Yesterday I posted a snippet from the Wall Street Journal offering the eminently sensible suggestion that the bond market rallied, despite the indication that more FOMC rate hikes are likely, because the Committee's statement drew a picture of a relatively benign inflationary landscape. Then this morning brought this analysis from a New York Times article:

... it appeared that the drop below 4 percent was less a result of economic fundamentals than of technical factors in the Treasury market. Those included hedging against losses from a potential new surge in home mortgage refinancing if the yield on the 10-year note, which has a major impact on mortgage rates, falls even further.

If there is another refinancing surge, mortgages held by investors would be paid off and replaced with mortgages at lower interest rates.
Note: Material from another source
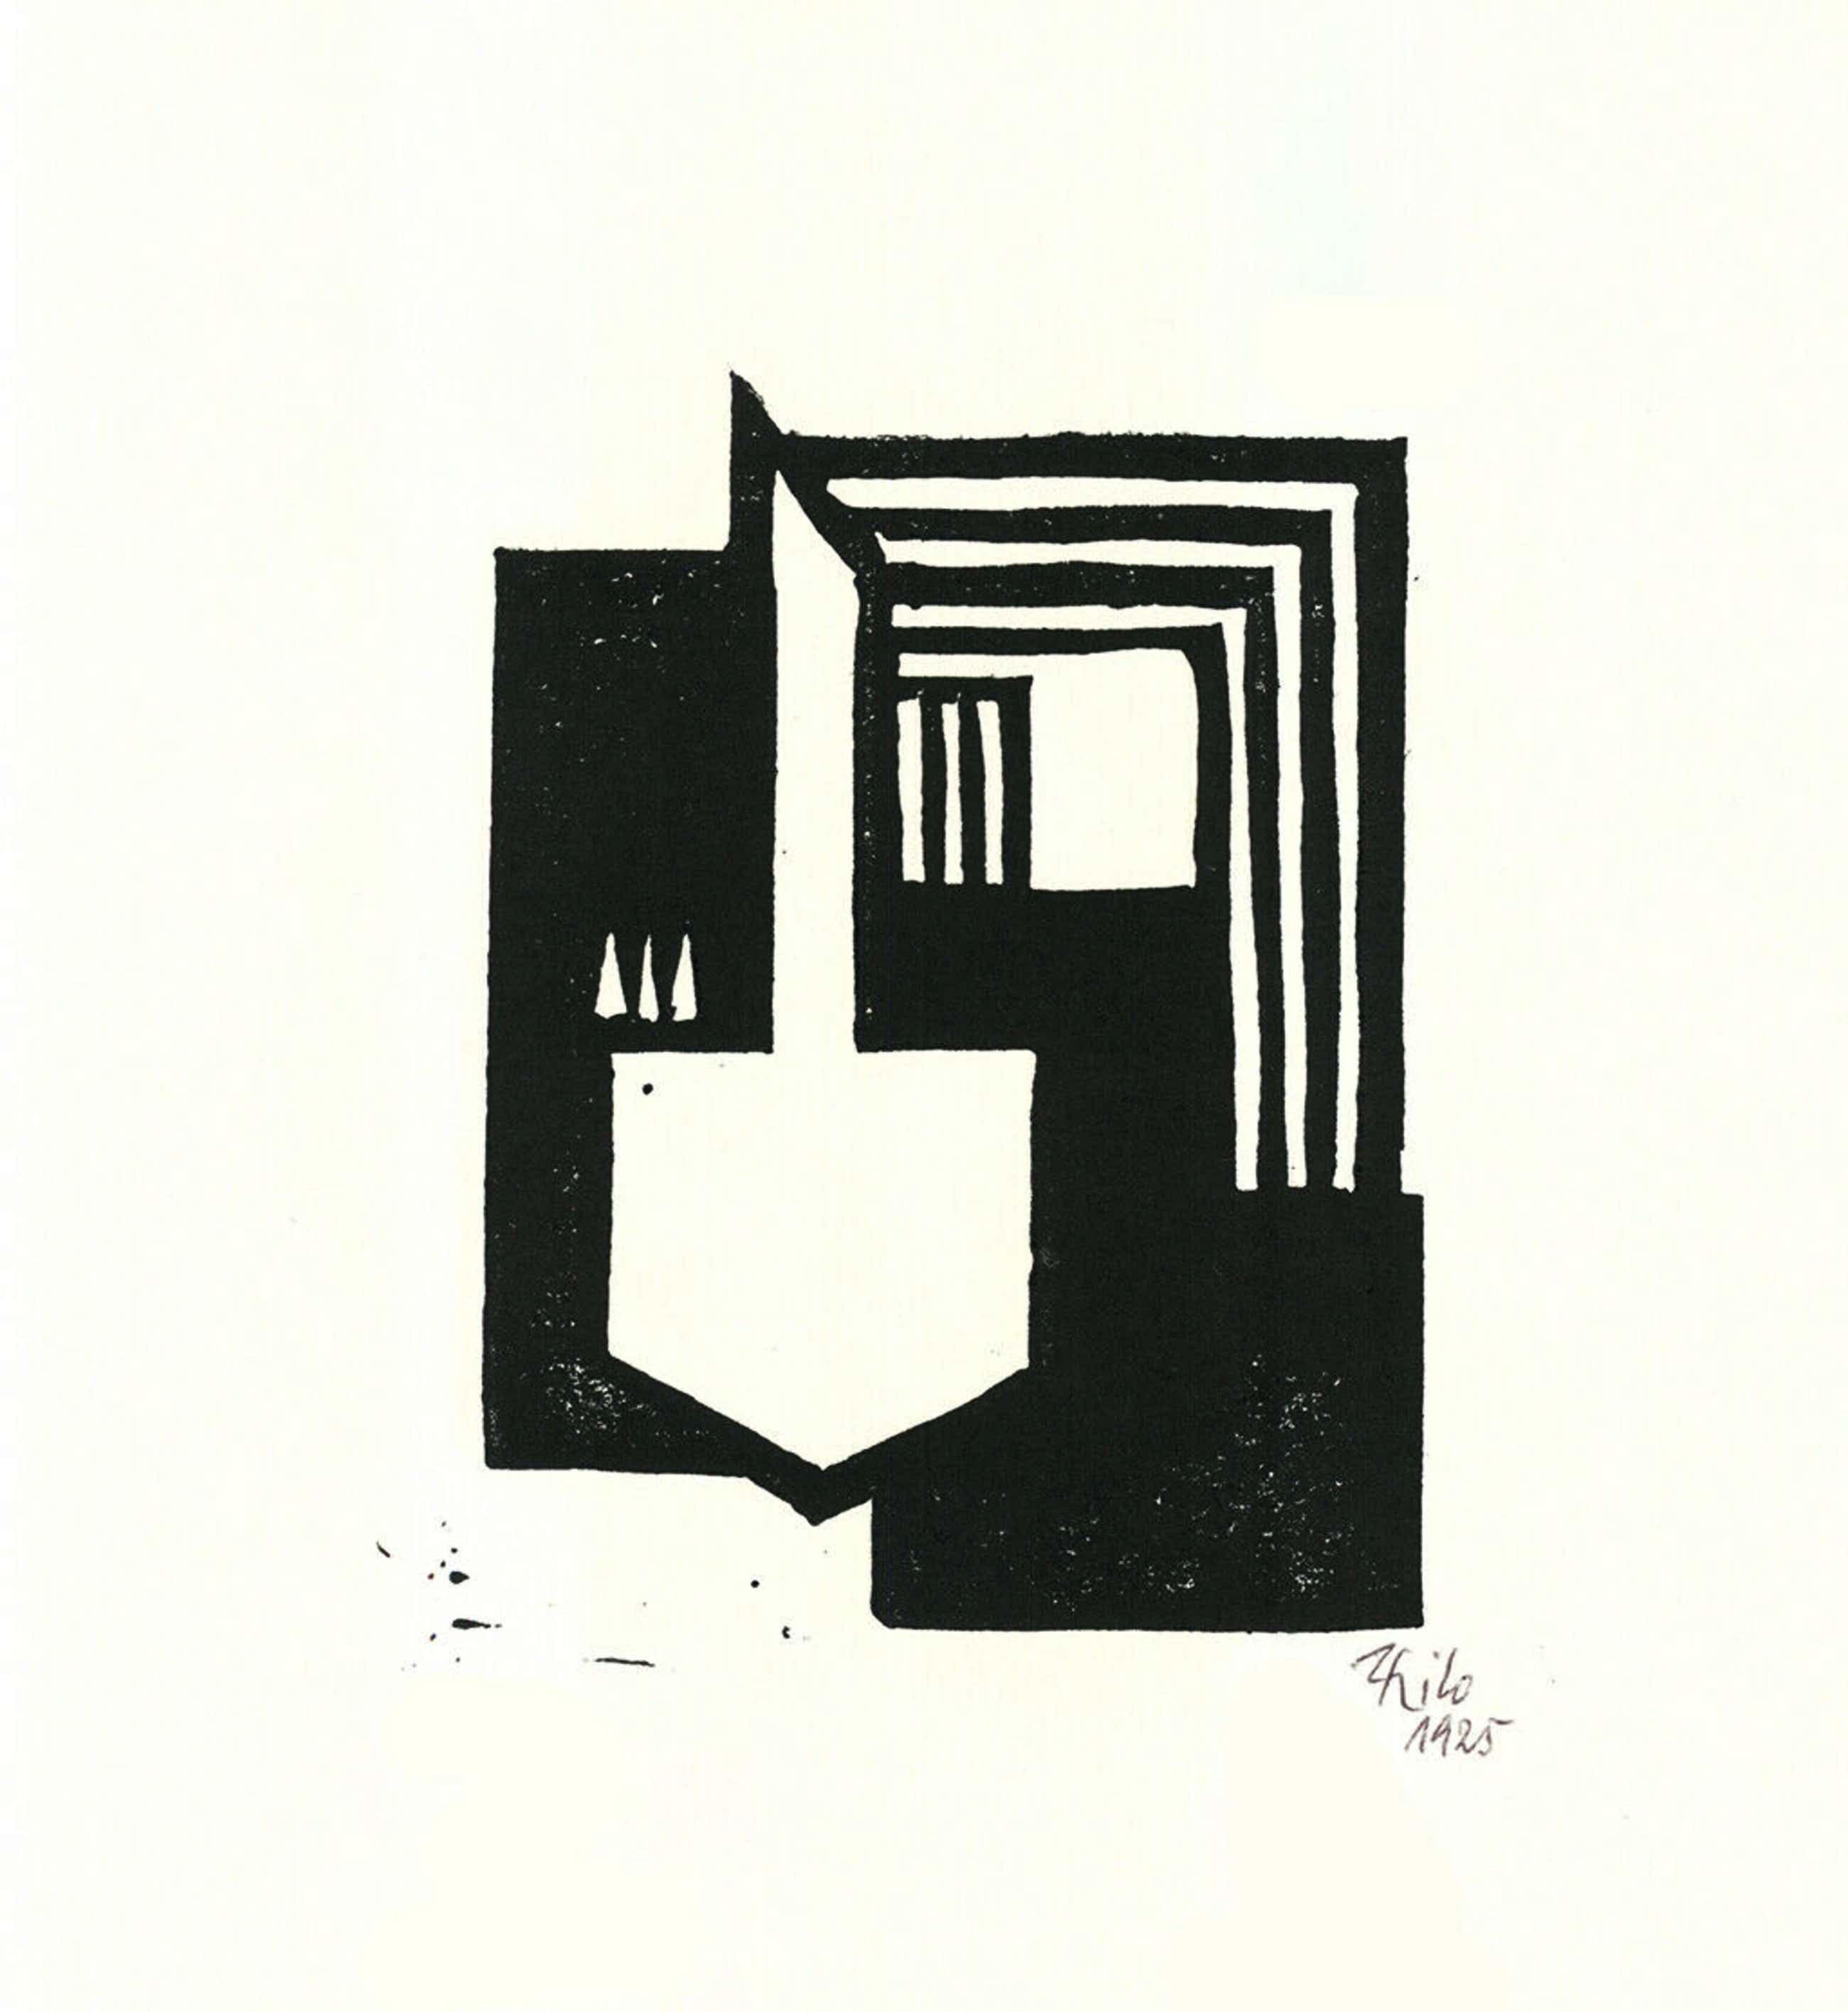 Thilo Maatsch - Handgesigneerde houtsnede: Geometrische Compositie kopen? Bied vanaf 40!

To hedge against this loss, the managers of big mortgage portfolios buy Treasury securities or similar instruments. The prices of these securities will rise if rates fall further, offsetting some of the losses from taking on new, lower-rate mortgages. This buying to hedge, however, also sends overall rates lower.

One analyst said Treasury yields were also being pushed lower by investors who had bet that longer-term rates would rise when the Federal Reserve began raising its benchmark rate. To reduce the losses from this bet, investors have to buy Treasury securities.

"These things tend to feed on themselves, and you get these swings in the market that get exaggerated," said William Prophet, an interest rate strategist at UBS.

Because of these technical factors, rates could fall further for a while and go much lower than expected. Rates, however, could pick up again when the technical buying slows down.

Now my head hurts. I'm sticking with the WSJ analysis over the NYT. But then again, that's my default position on almost every topic.